Nothing in the data should change when you return it, but leave the pictures out.

Information supplied:
· · · ·
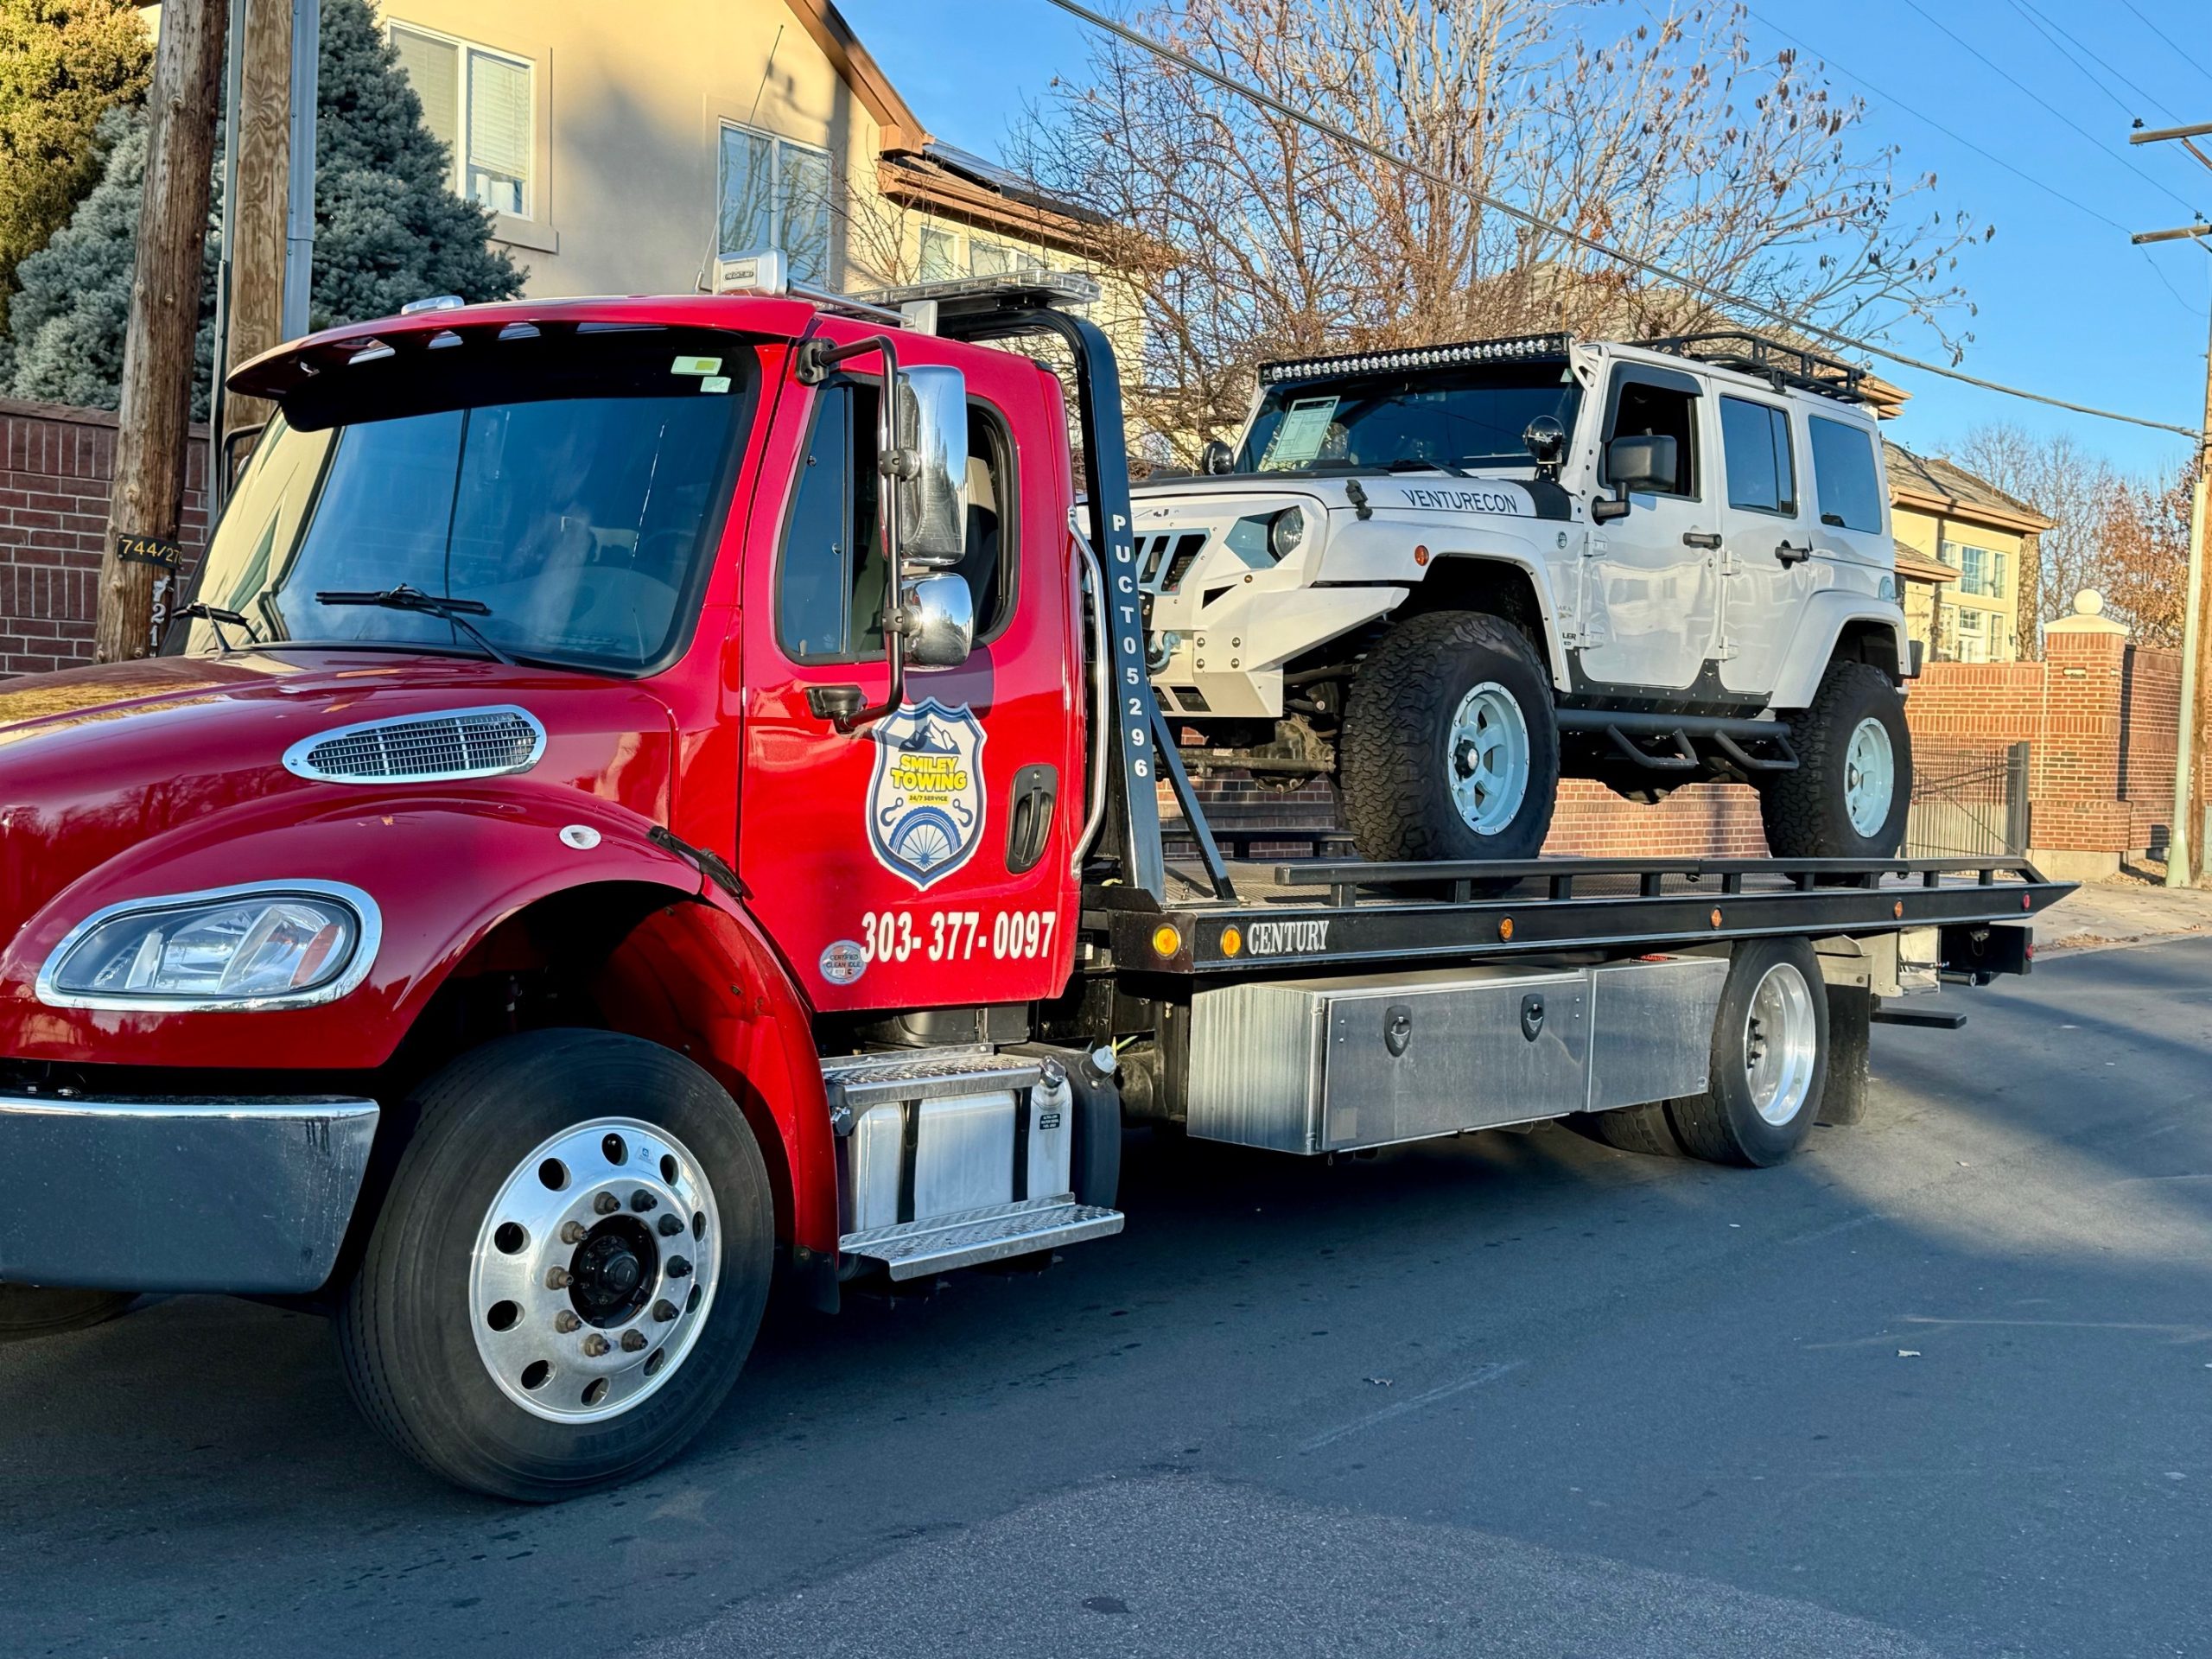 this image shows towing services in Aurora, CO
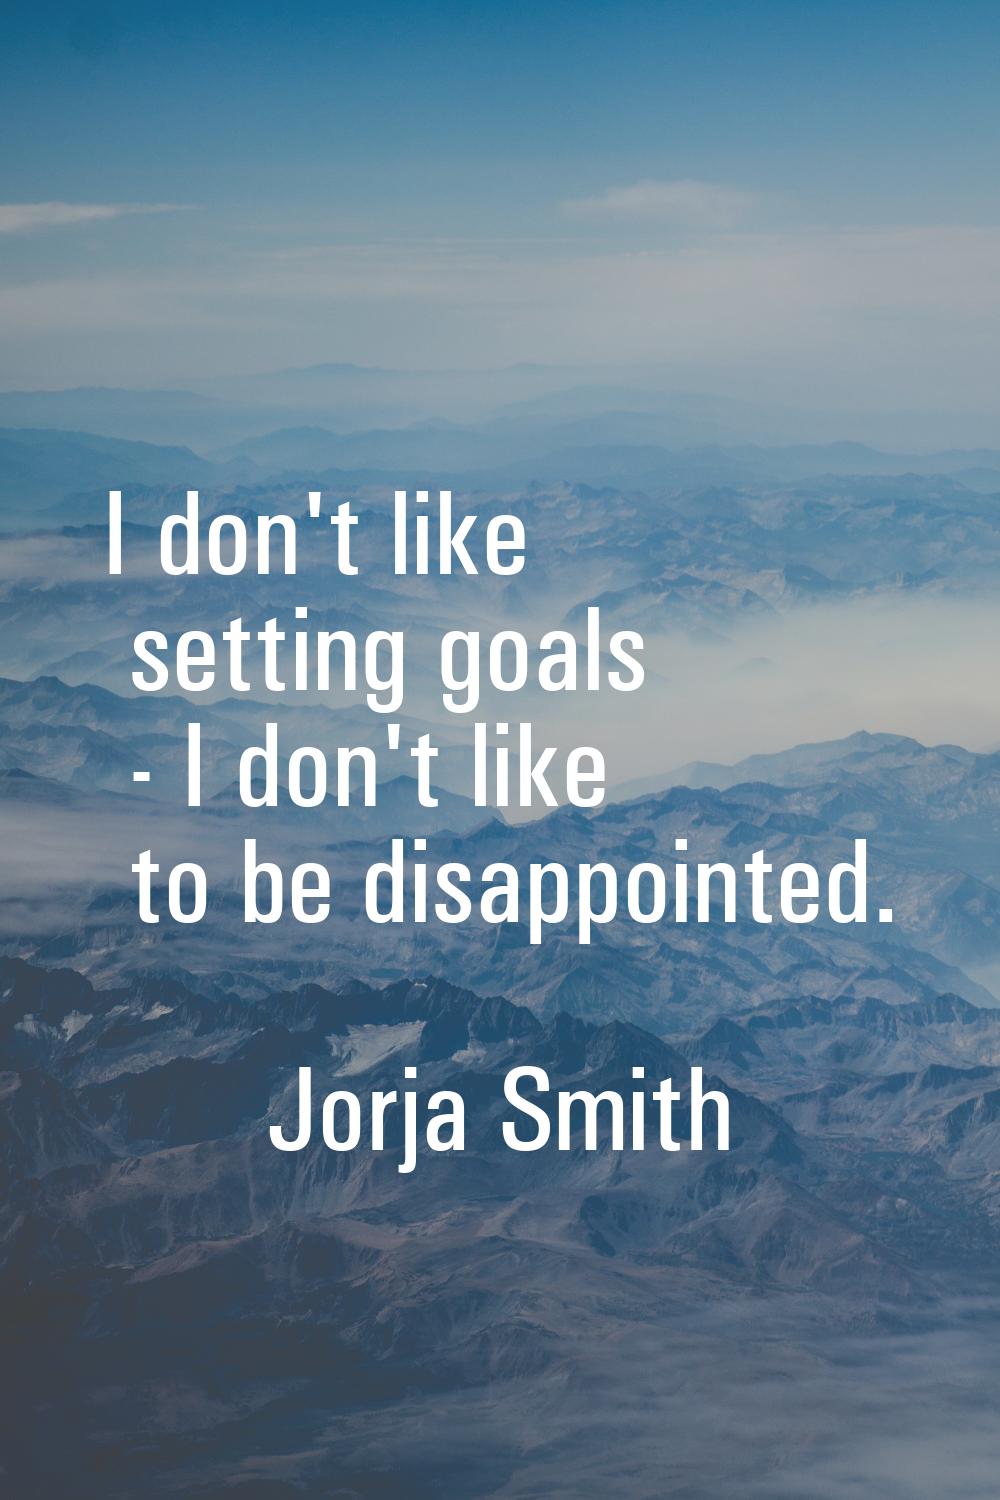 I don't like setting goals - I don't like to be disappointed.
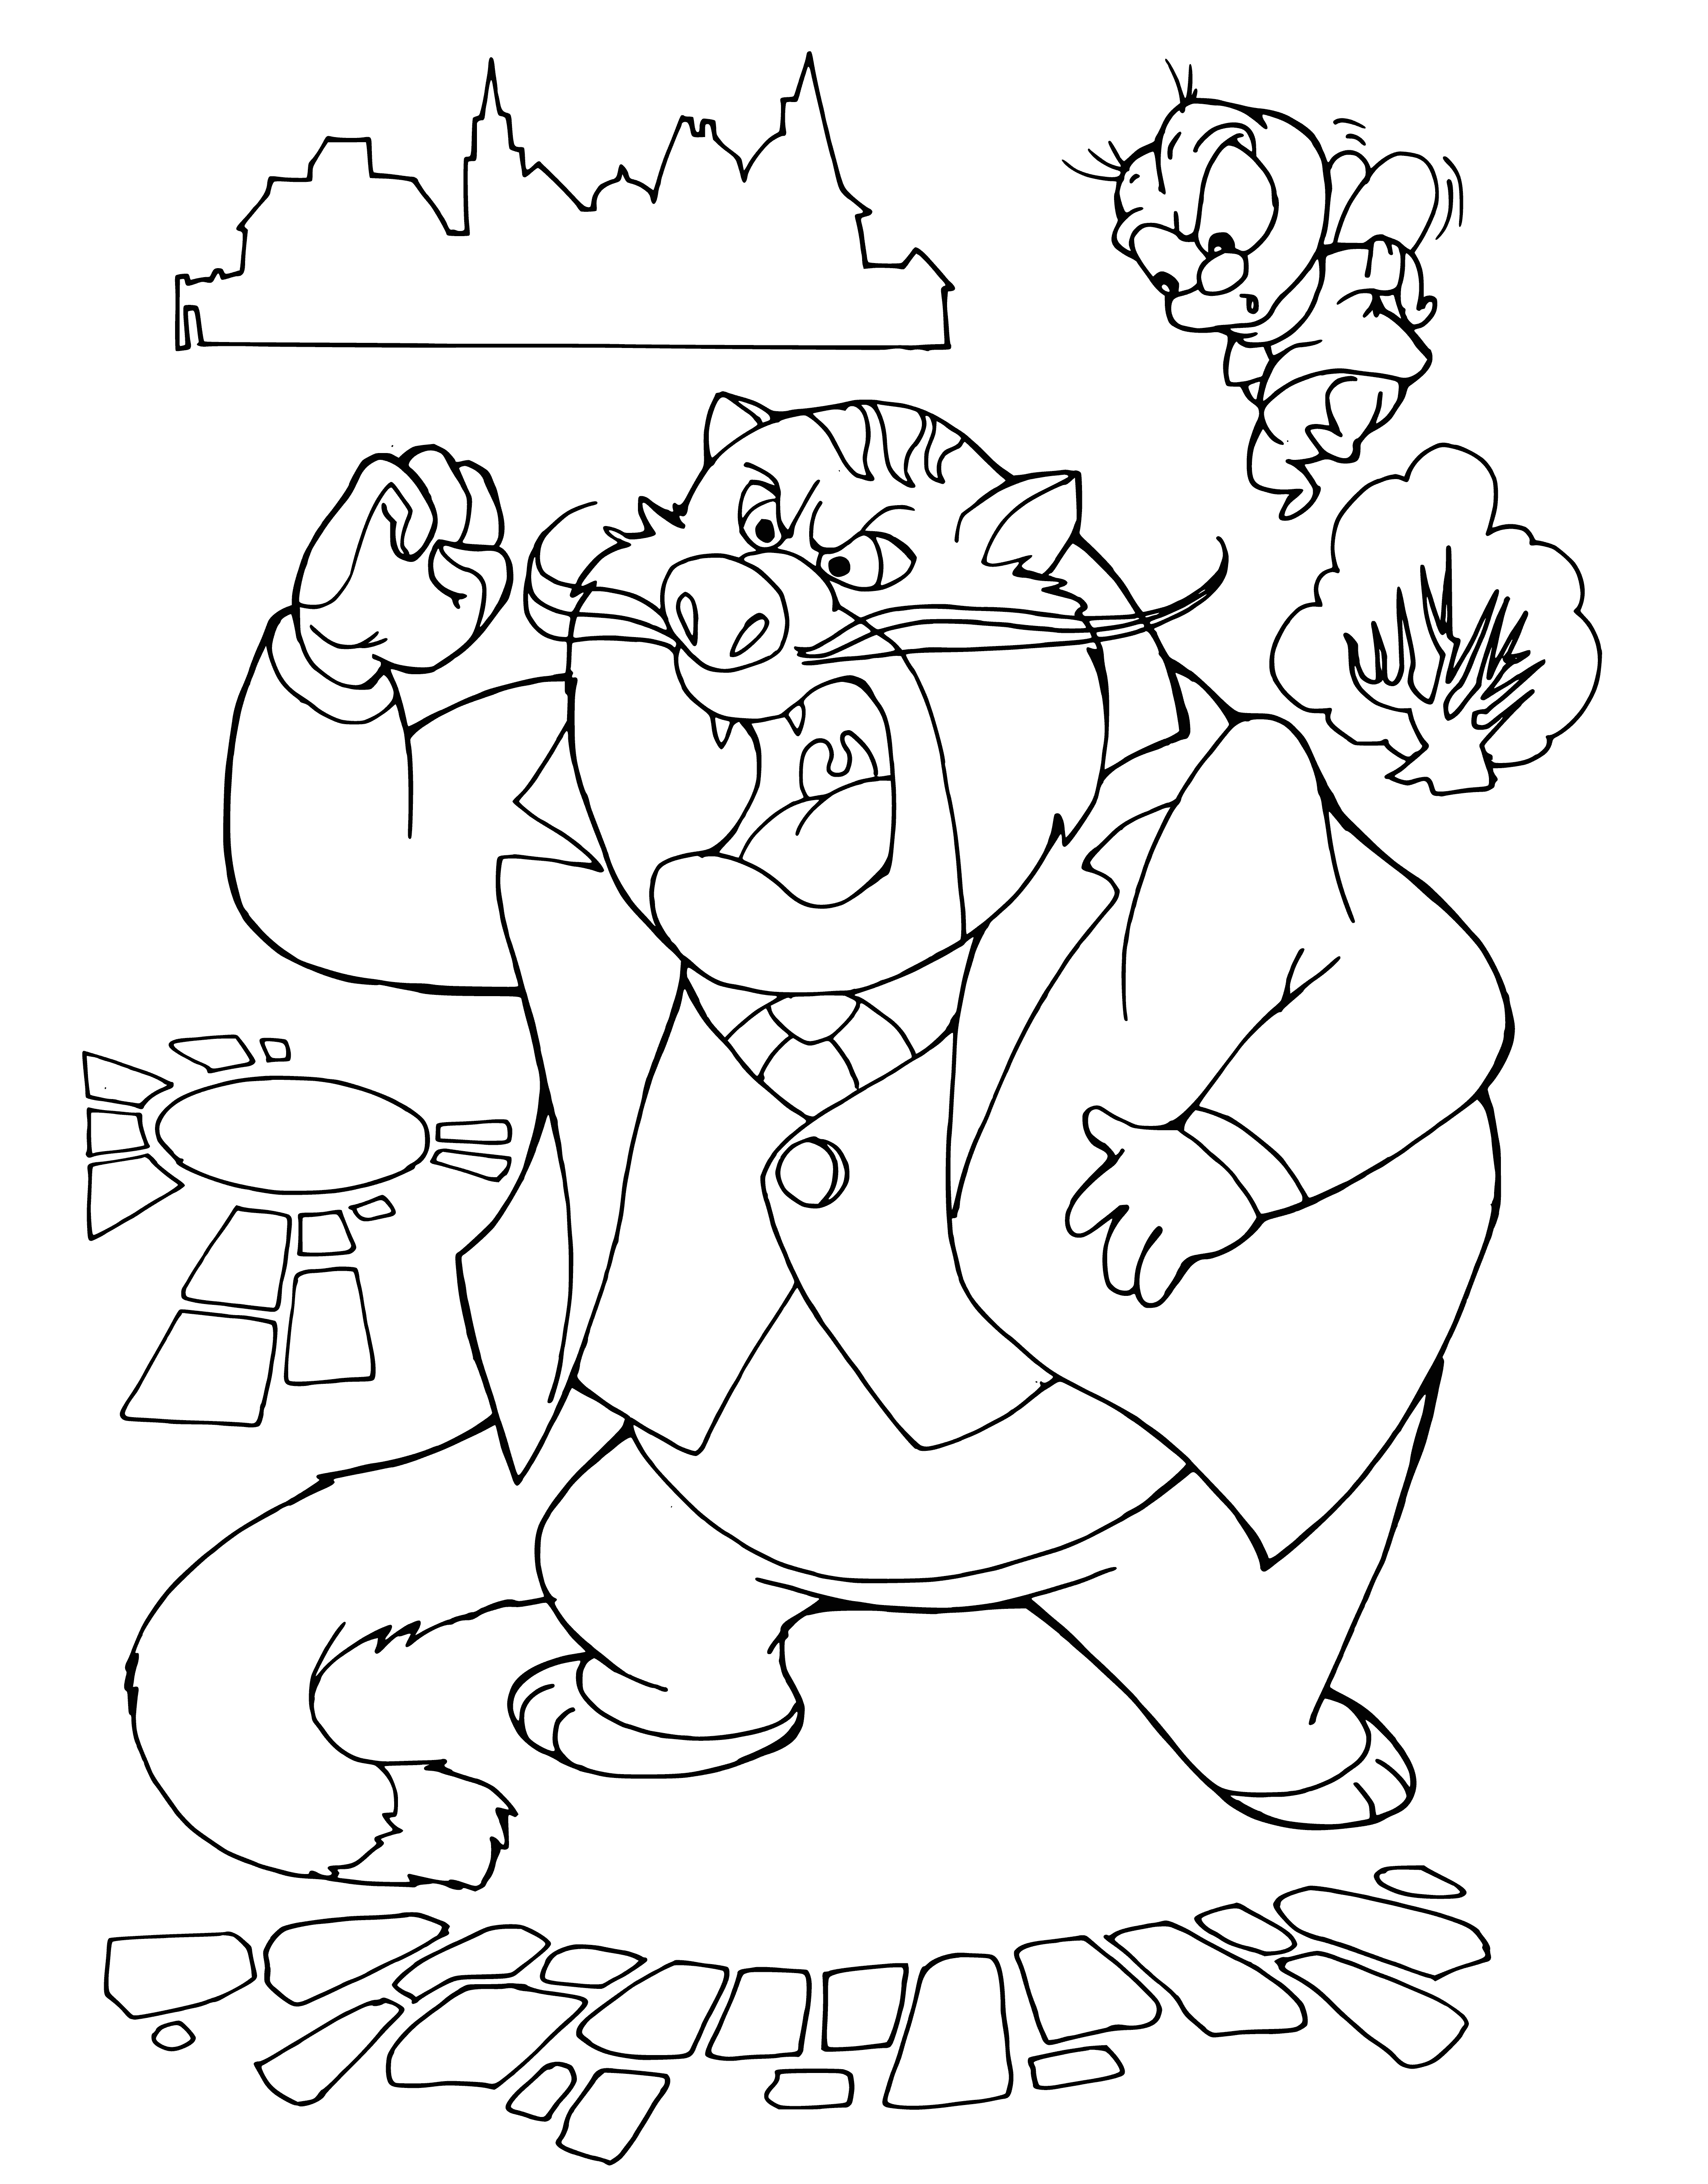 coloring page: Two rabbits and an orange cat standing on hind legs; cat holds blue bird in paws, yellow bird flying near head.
· · · ·
Task output:
 this image shows towing services in Aurora, CO
 I don't like setting goals - I don't like to be disappointed.
 coloring page: Two rabbits and an orange cat standing on hind legs; cat holds blue bird in paws, yellow bird flying near head.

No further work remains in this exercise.